JANUARY 09: U.S. Vice President Joe Biden (3rd R) makes brief remarks to the press at the beginning of a meeting with U.S. Attorney General Eric Holder (4th R) and gun violence survivors and victims and gun safety advocacy groups in the Eisenhower Executive Office Building January 9, 2013 in Washington, DC. President Barack Obama appointed Biden to oversee a task force on gun violence. (Photo by Chip Somodevilla/Getty Images)
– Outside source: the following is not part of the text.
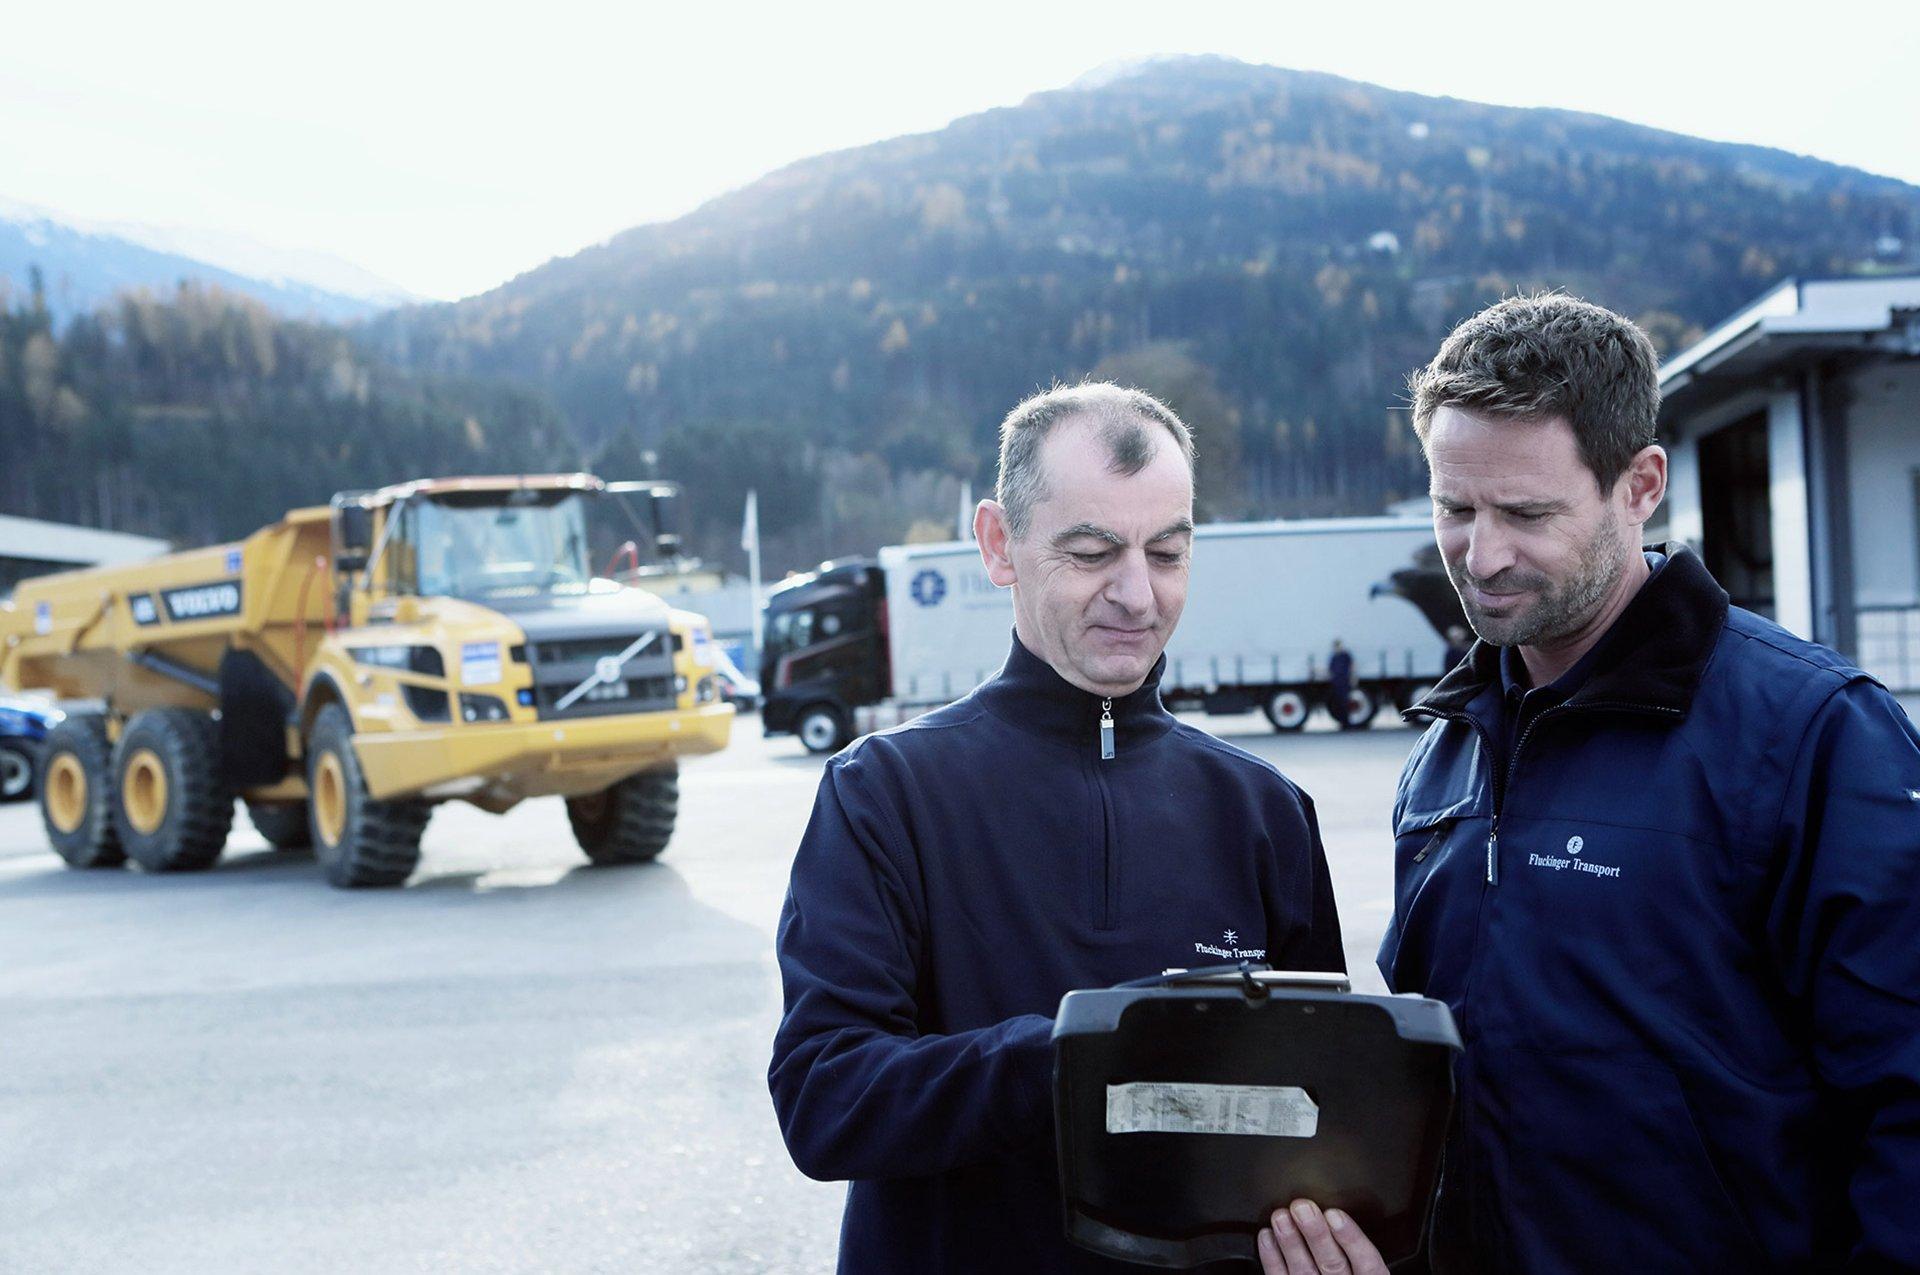 Special Cargo – Fluckinger Transport staff briefing
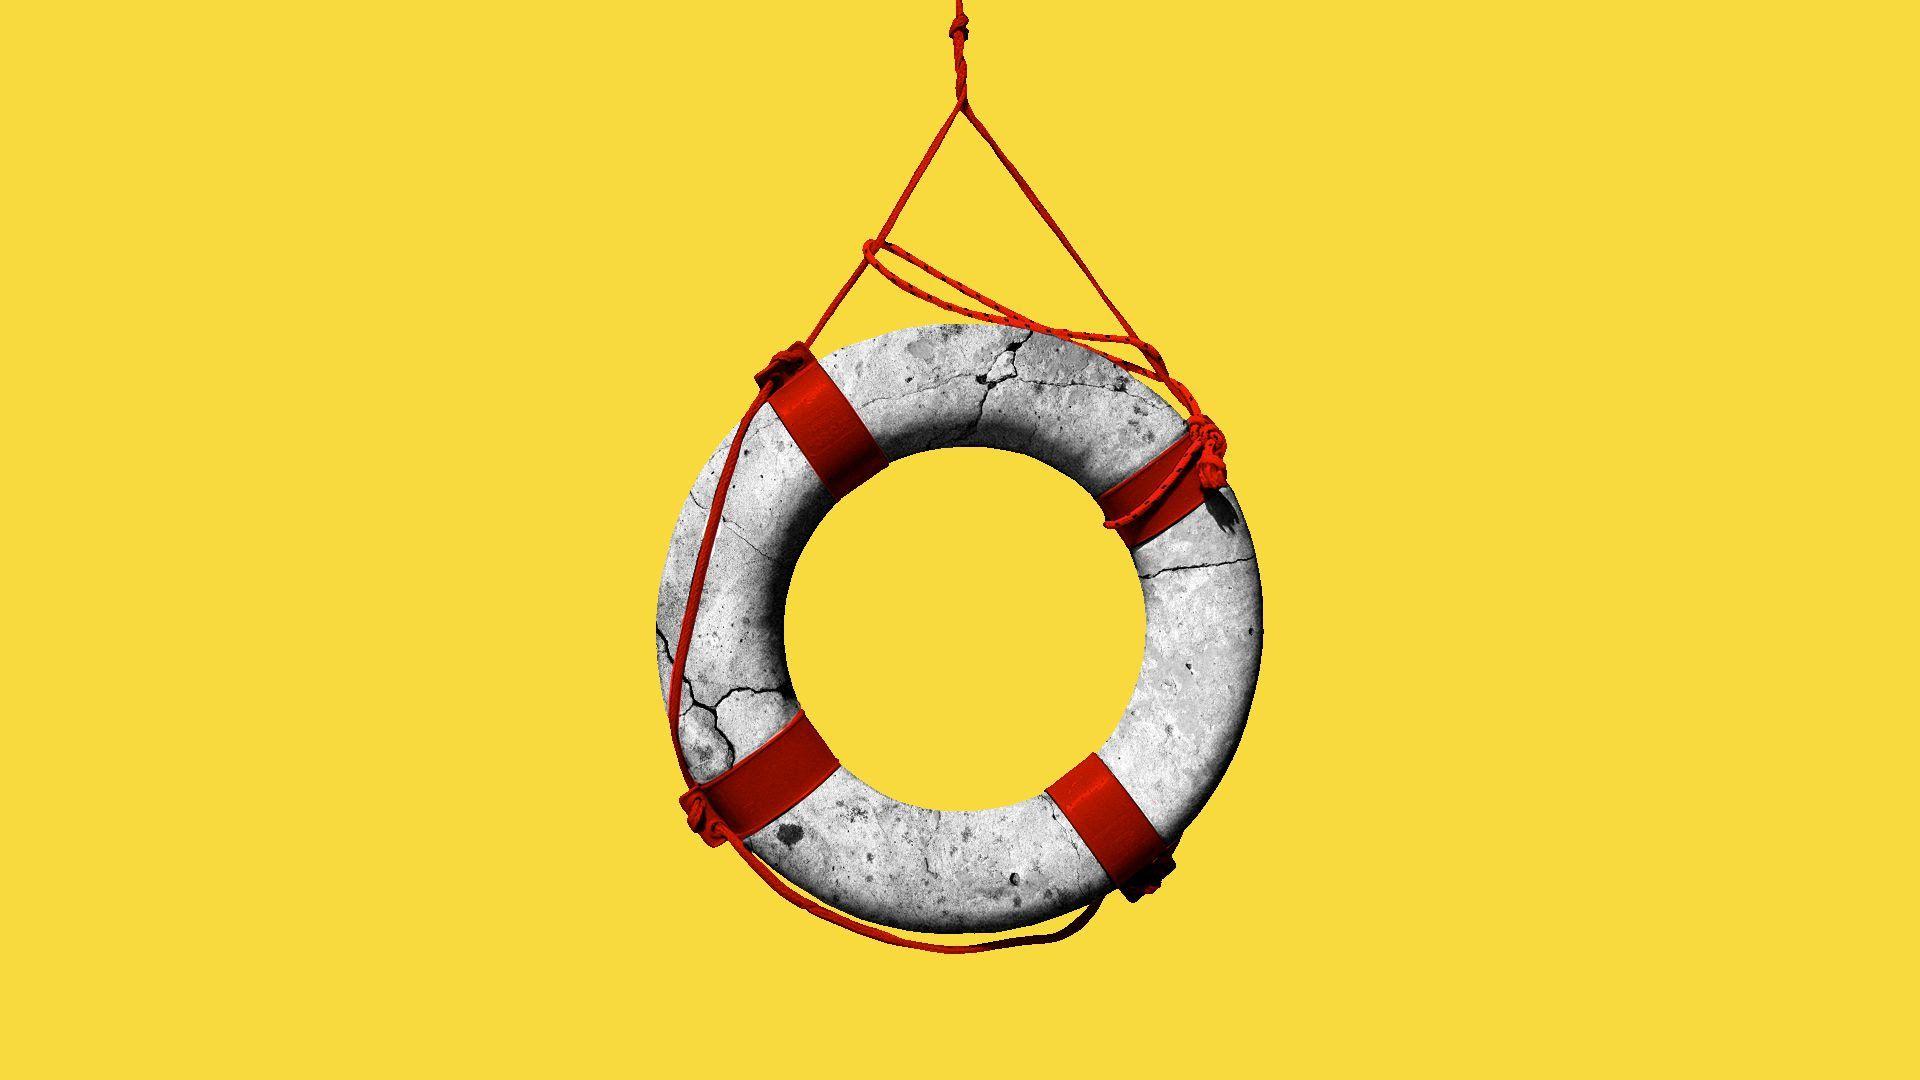 A deteriorating life raft

By David Jackson, USA TODAY
As he prepares a legislative package for President Obama's review,
Vice President Biden said Friday that multiple approaches are needed to
address the plague of gun violence.
"We know that there is no
silver bullet ... no seat belt you can put on," Biden said before
meeting with members of video game industry.
It's the latest in a
string of meetings Biden has held this week, with guests ranging from
gun-control advocates to gun rights supporters, hunters to retailers,
mayors to governors, lawyers to doctors, and faith leaders to
entertainment industry executives.
Biden has said he plans to make a series of recommendations to President Obama on Tuesday.
Obama
assigned Biden the task after the Dec. 14 shooting that killed 20
students and six adults at an elementary school in Newtown, Conn. The
president said he plans to make a major push for gun legislation this
year; he may also issue executive orders.
The video game meeting
came after the nation's biggest gun lobby, the National Rifle
Association, accused the Obama administration of focusing only on gun
control.
"We don't think that a ban on so-called assault weapons,
which hasn't worked in the past, is going to work this time," NRA
President David Keene told NBC'sTodayshow.
Renewal of the
assault weapons ban that lapsed in 2004 is an idea Obama has endorsed,
along with improvements to background checks of gun purchasers and
restrictions on the capacities of ammunition magazines.
Biden met
with the NRA and other gun-rights groups Thursday; on Friday, he
declined to respond to the group's post-meeting criticism. "I thought we
had a very straightforward, productive meeting," he told reporters.
The
president and vice president have said they respect the Second
Amendment right of gun ownership, and are looking for common-sense ways
to keep high-powered weapons away from people who shouldn't have them.
Obama
and Biden have also said they want to address other factors behind gun
violence, including mental health and cultural issues.
The latter
concern prompted the vice president's meeting with members of the video
game industry, some of whose products have been accused of desensitizing
young people to the nature of violence.
"You have not been singled out," Biden said. "I come to this meeting with no judgment."